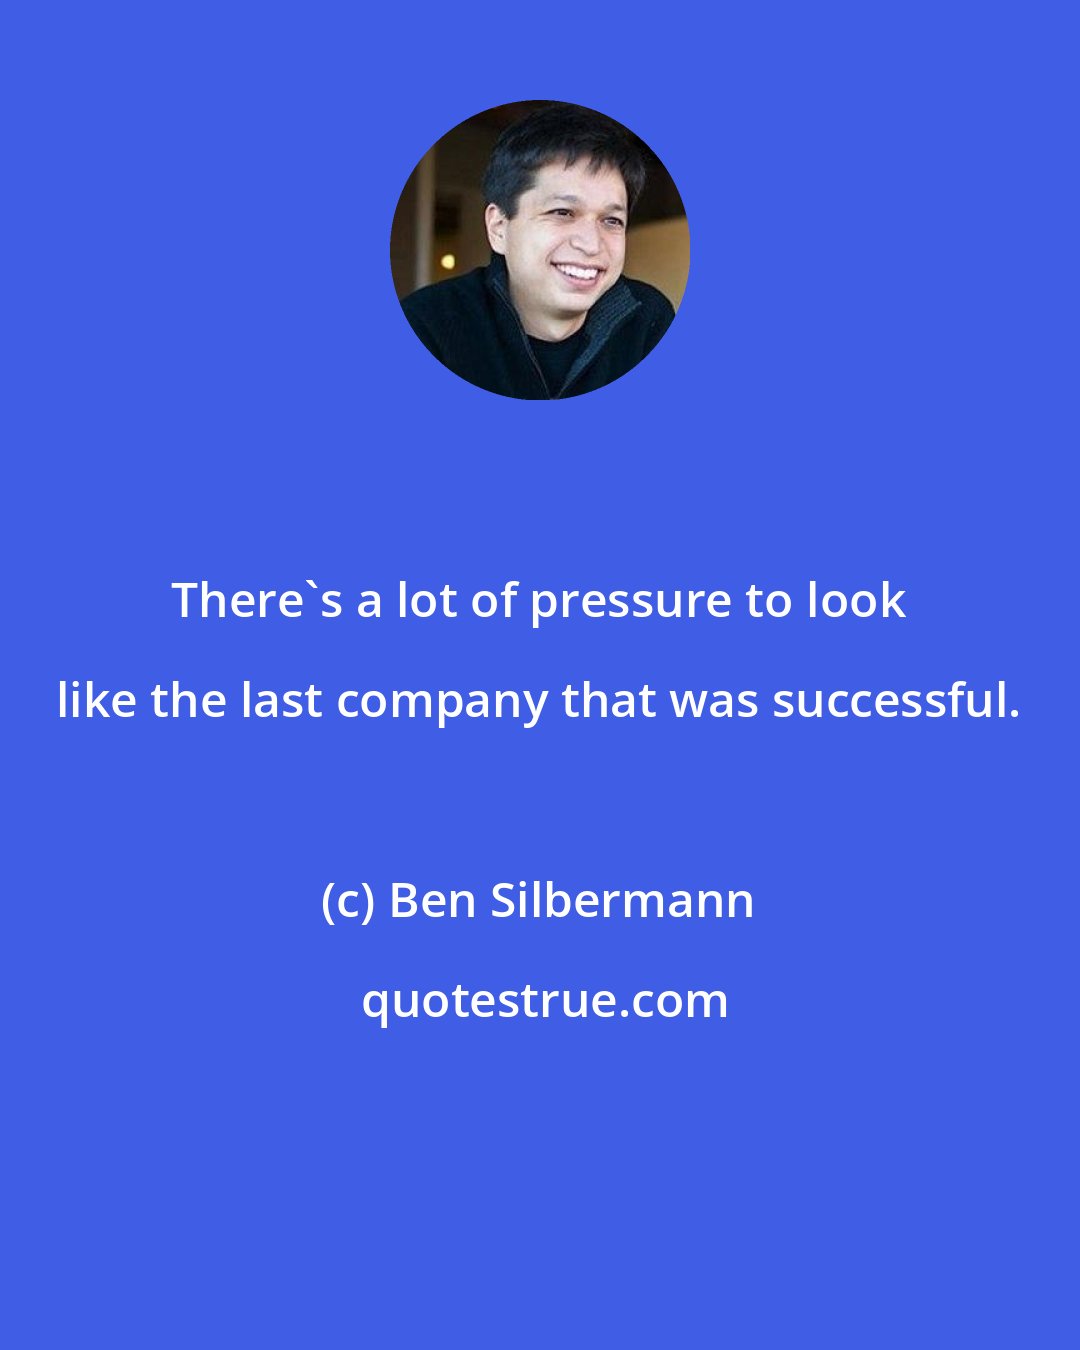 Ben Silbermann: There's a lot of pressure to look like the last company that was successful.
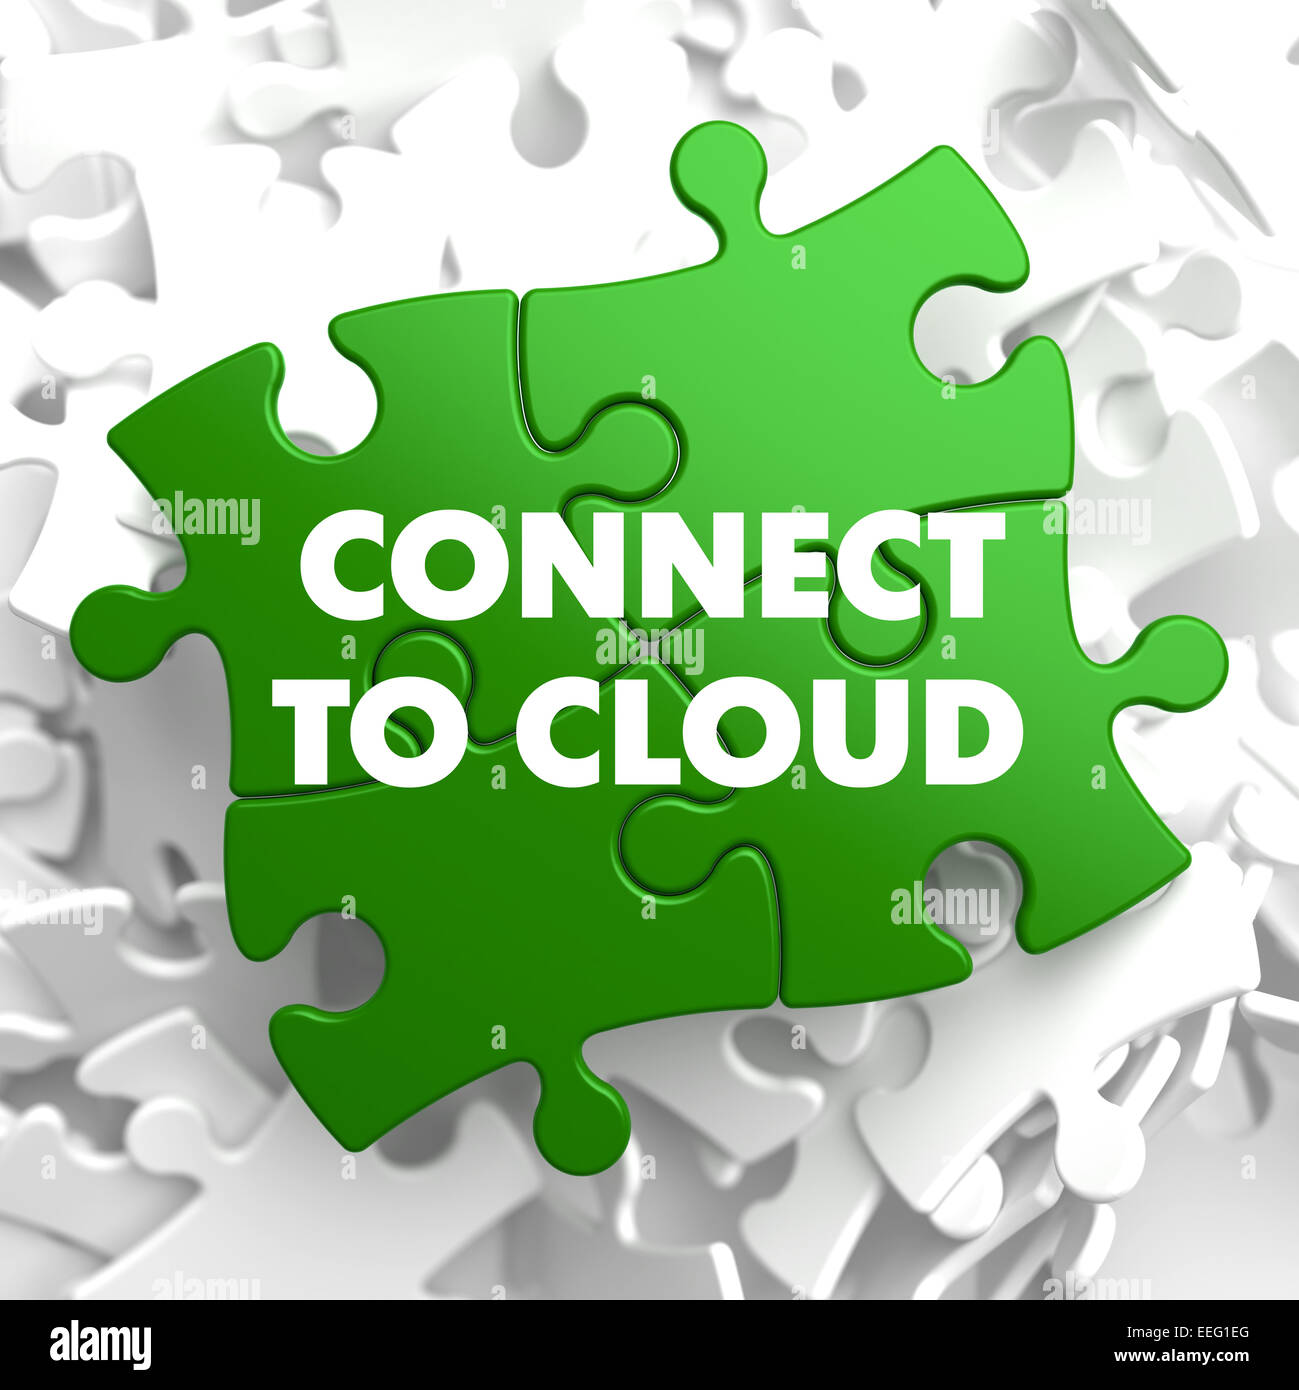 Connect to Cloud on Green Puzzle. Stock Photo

--

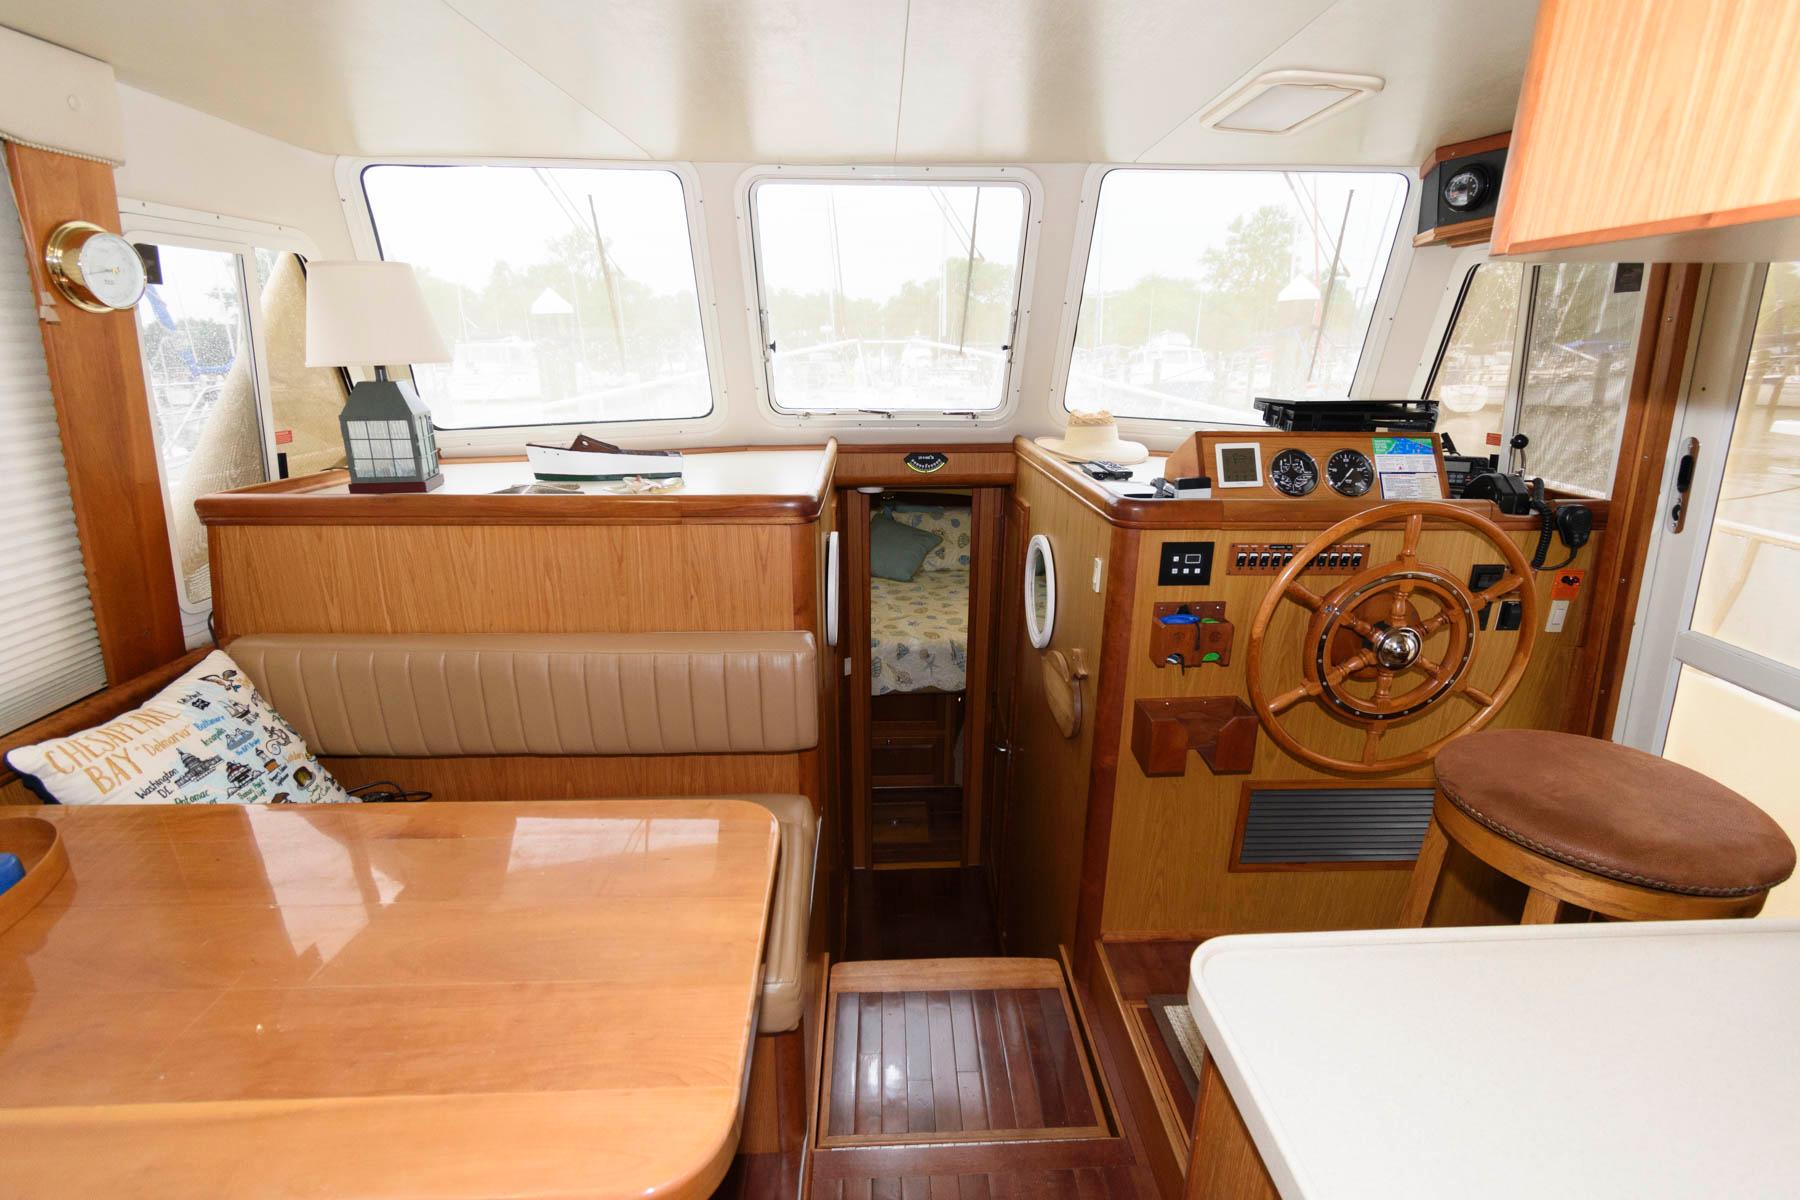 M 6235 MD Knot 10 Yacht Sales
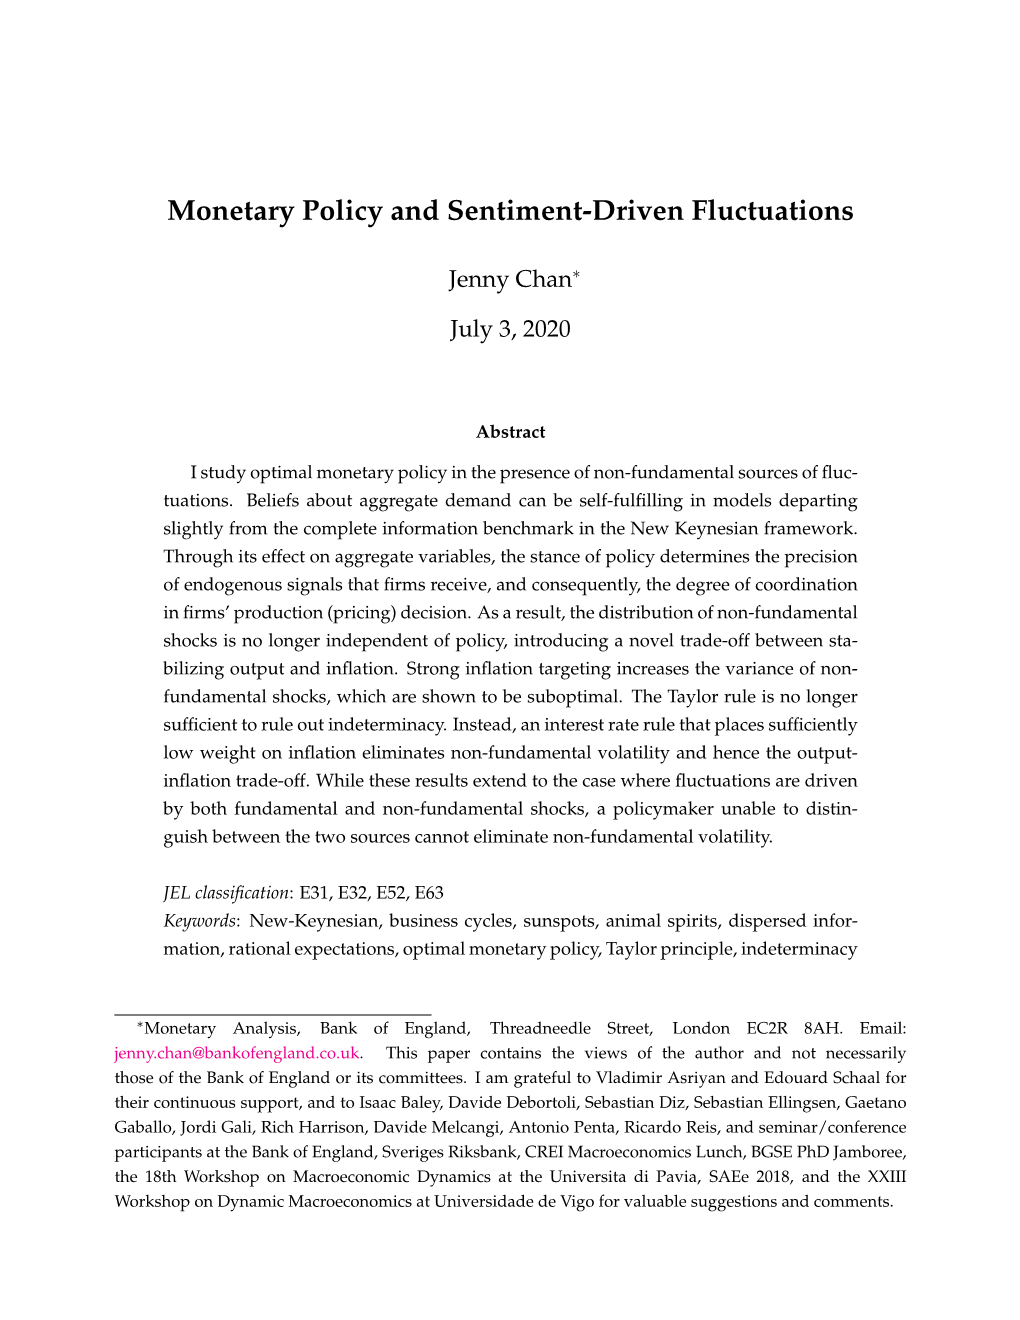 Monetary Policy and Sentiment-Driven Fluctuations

--

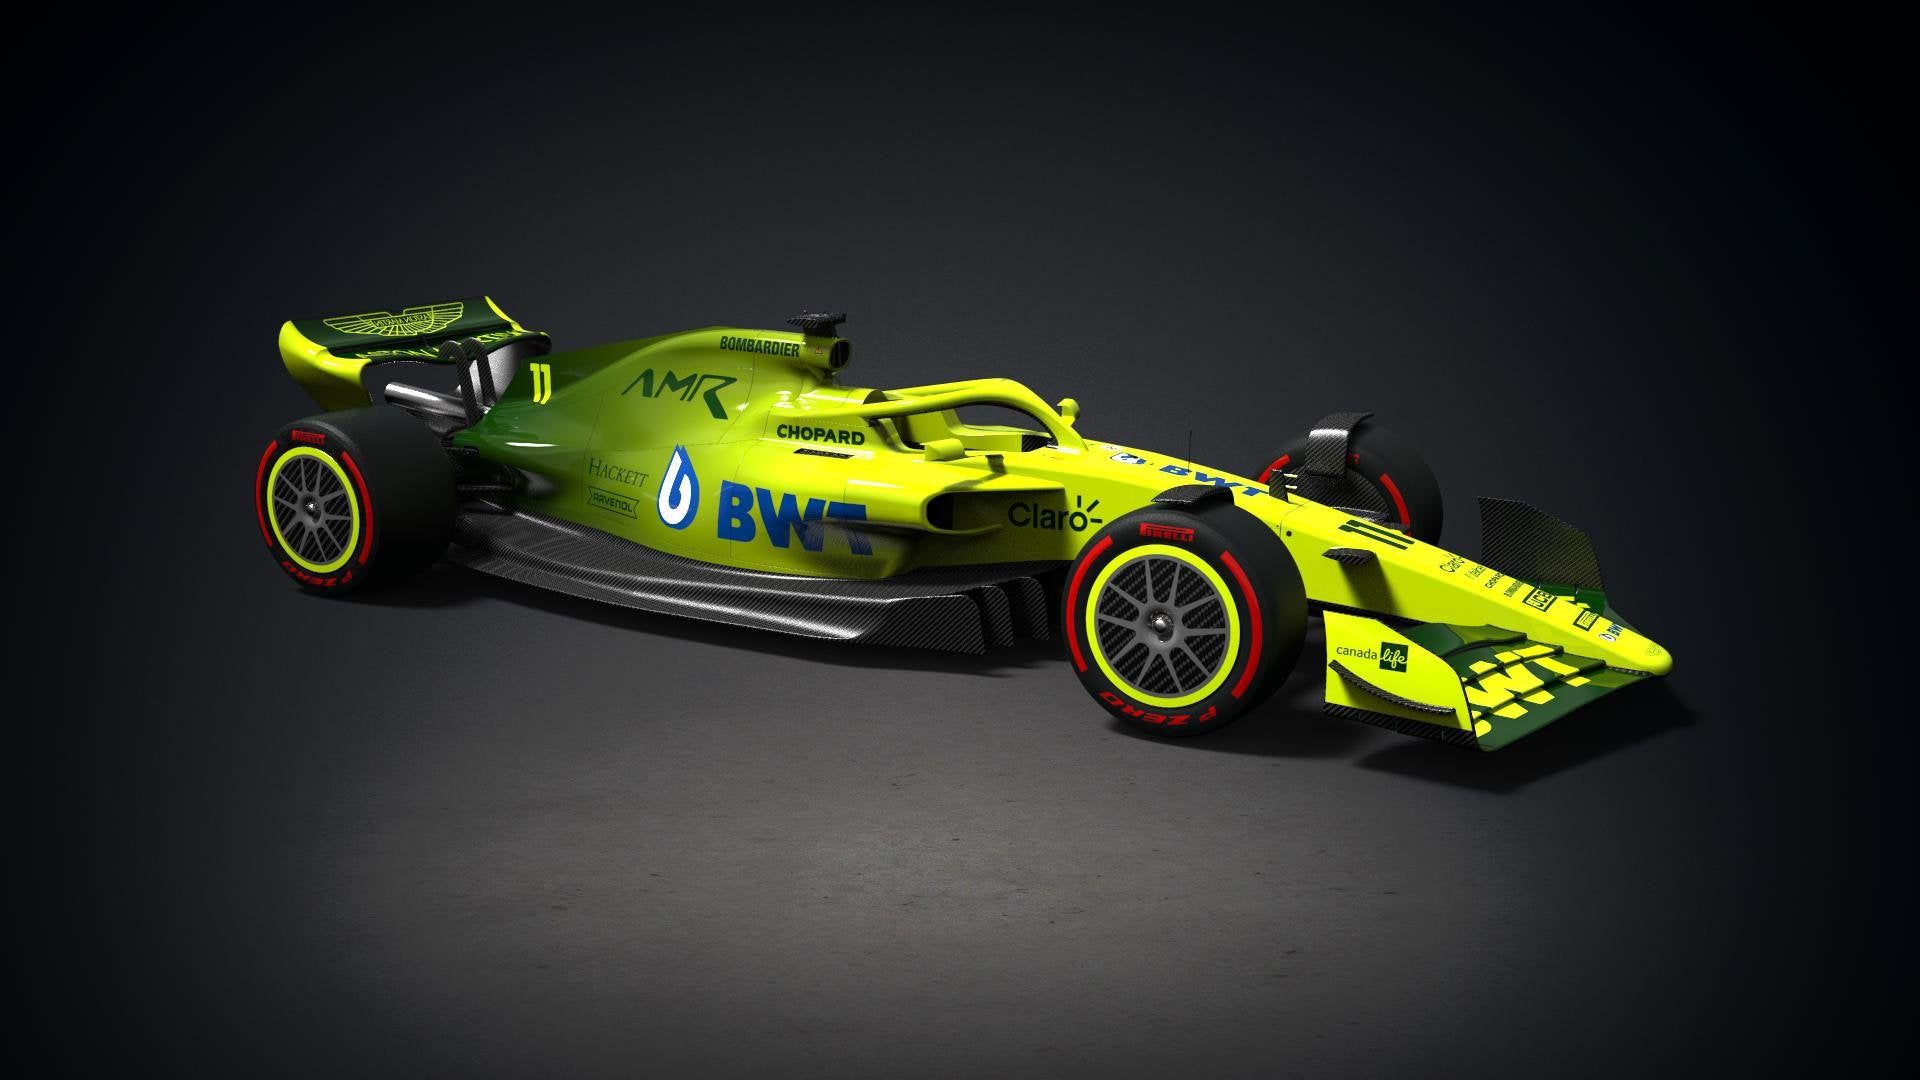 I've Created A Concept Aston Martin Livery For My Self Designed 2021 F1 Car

Problem to work on:
Retype only the lines above from the one with "M 6235 MD Knot 10 Yacht Sales" through the one with "Monetary Policy and", exactly and with both ends. Images stay out.

Reply:
 M 6235 MD Knot 10 Yacht Sales
 Monetary Policy and Sentiment-Driven Fluctuations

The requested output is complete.